# Because we can.



## davetgabby (Dec 29, 2007)

How #$%^&*+ cruel can we be? http://www.dogstardaily.com/blogs/shocking-our-dogs


----------



## lfung5 (Jun 30, 2007)

Great article Dave. I would never use any sort of shock device on my guys. I've never even raised a hand to them, let alone shocked them!


----------



## davetgabby (Dec 29, 2007)

lfung5 said:


> Great article Dave. I would never use any sort of shock device on my guys. I've never even raised a hand to them, let alone shocked them!


 LOL , the only time they're shocked , is when you go a week without buying them something.


----------



## lfung5 (Jun 30, 2007)

HAHAHAHA! Like I said, they've never been shocked LOL


----------



## krandall (Jun 11, 2009)

It makes me SO sad that people still do this. Worse, it's not just the bozos who know nothing and go into Petsmart and buy one. There are top obedience trainers still use them too. Since I train at a training center that not only uses only positive training techniques, but won't allow even a choke collar in the building, and show mostly in APDT and CDSP venues, I sometime forget how prevalent these training methods still are.

Last spring I was at an AKC trial chatting with a woman who was there with the only other Hav in the obedience/rally ring. Her little dog did a great job, earning at least two titles in the course of a 4 day show, where she entered both obedience and rally all 4 days. (I tend to take things slower with Kodi... We did only two days of the same 4 day show, and showed only in rally) She told me in a very excited tone that she was going to start working with this person who is an obedience trainer with a record of producing many OTCH dogs. The problem is, this trainer is also well known for the use of harsh training methods. It made me so sad to see this cute little dog, who gave his all for his owner all weekend, being put into the hands of a person like this. 

I KNOW that it is possible to put up consistent scores of 199 or 200 with dogs that are completely positive-trained. Maybe it doesn't happen quite as quickly, (at the very highest levels) but how can those punishment-based trainers look their dogs in the eye at the end of the day?

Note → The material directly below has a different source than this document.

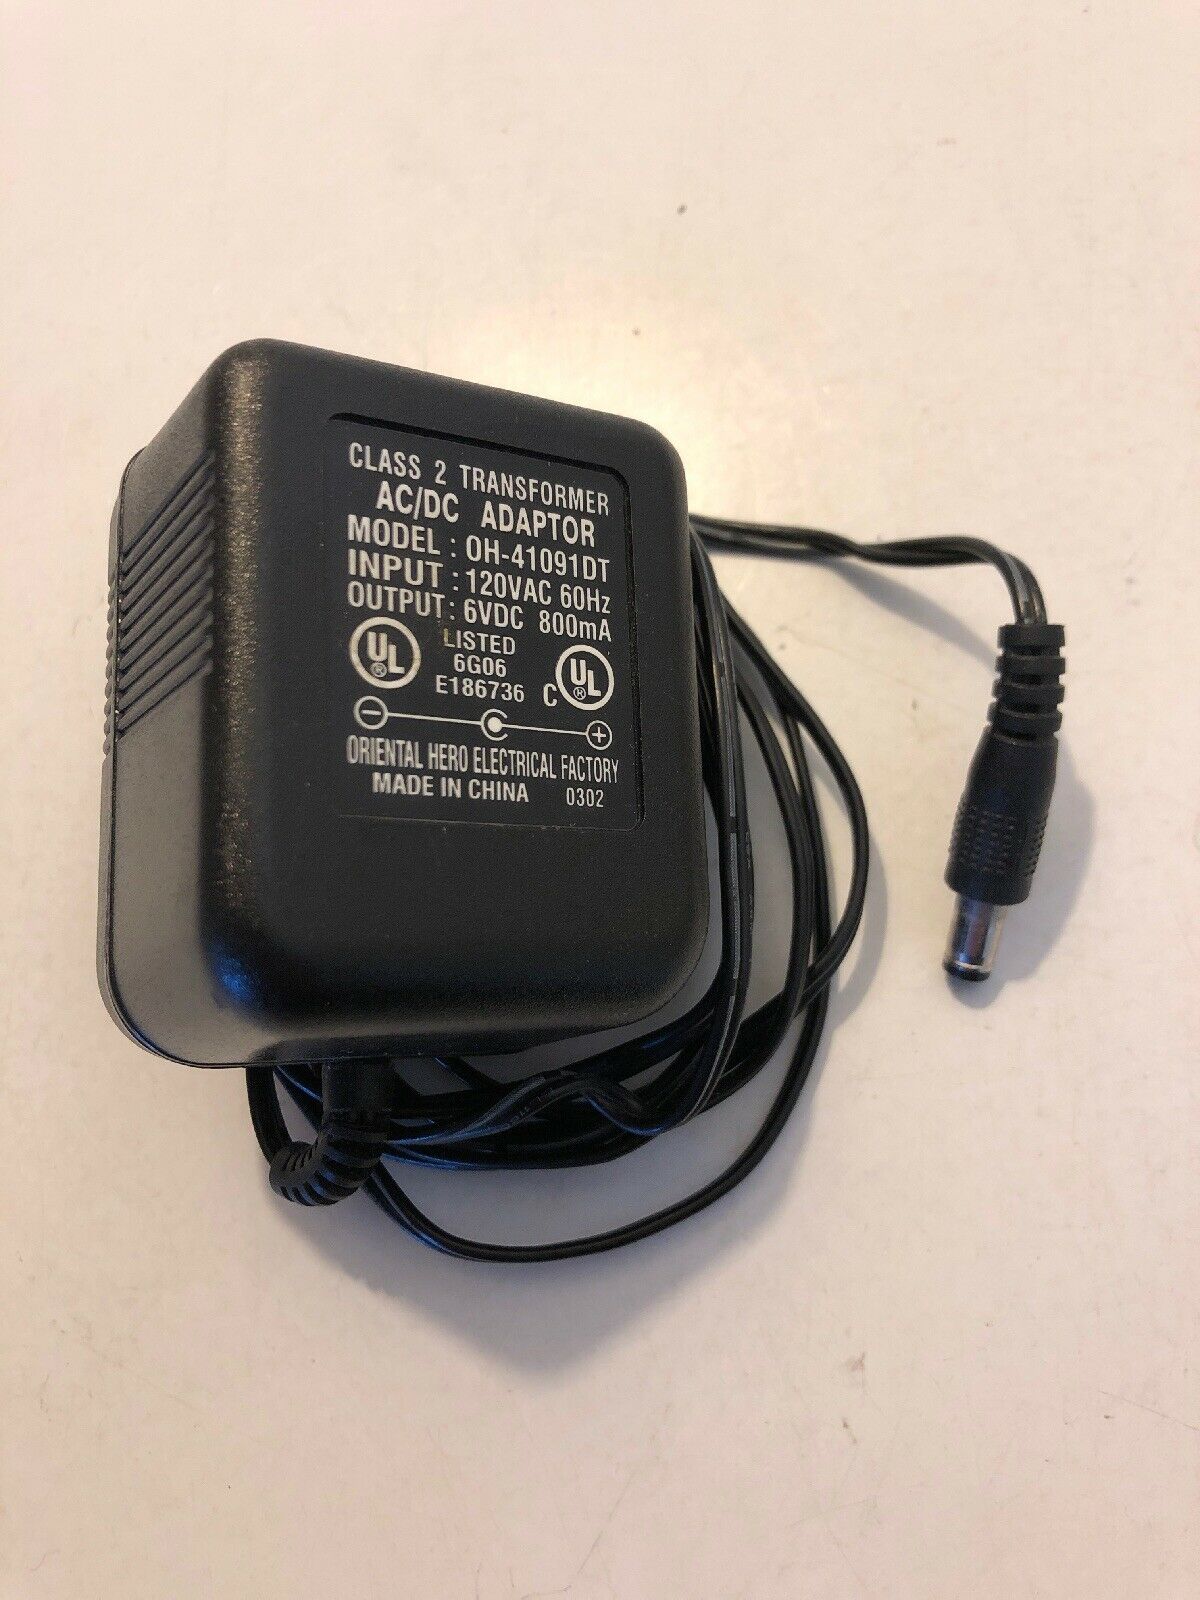 *Brand NEW*OH-41091DT Class 2 Transformer 6V 800mA Ac Adapter

I know I am preaching to the choir for the most part in this group, but it still makes me very sad when I see it.


----------



## davetgabby (Dec 29, 2007)

yeah Karen ,there will always be people who don't see the harm in these devices. And they will use the quickest (in their minds) method irregardless of the potential downside of harsh methods. Numerous studies have proven these deivices are harmful, and even in our group IAABC there still are a couple of trainers that want to be able to use them, not so much with sport dogs but behavior modification. I simple don't see the need for them. They are dangerous even in the hands of the best trainers and most dangerous with the average dog owner. If you wouldn't do this to a human , why do it to a dog. ?


----------



## krandall (Jun 11, 2009)

davetgabby said:


> If you wouldn't do this to a human , why do it to a dog. ?


Because you can get away with it because dogs, for the most part, are so forgiving. These techniques have limited usefulness with horses, because horses respond in a way that is dangerous to humans. Dogs take it and SILL smile at their owners, so they are the ones who get the abuse.


----------



## davetgabby (Dec 29, 2007)

Right on Karen


----------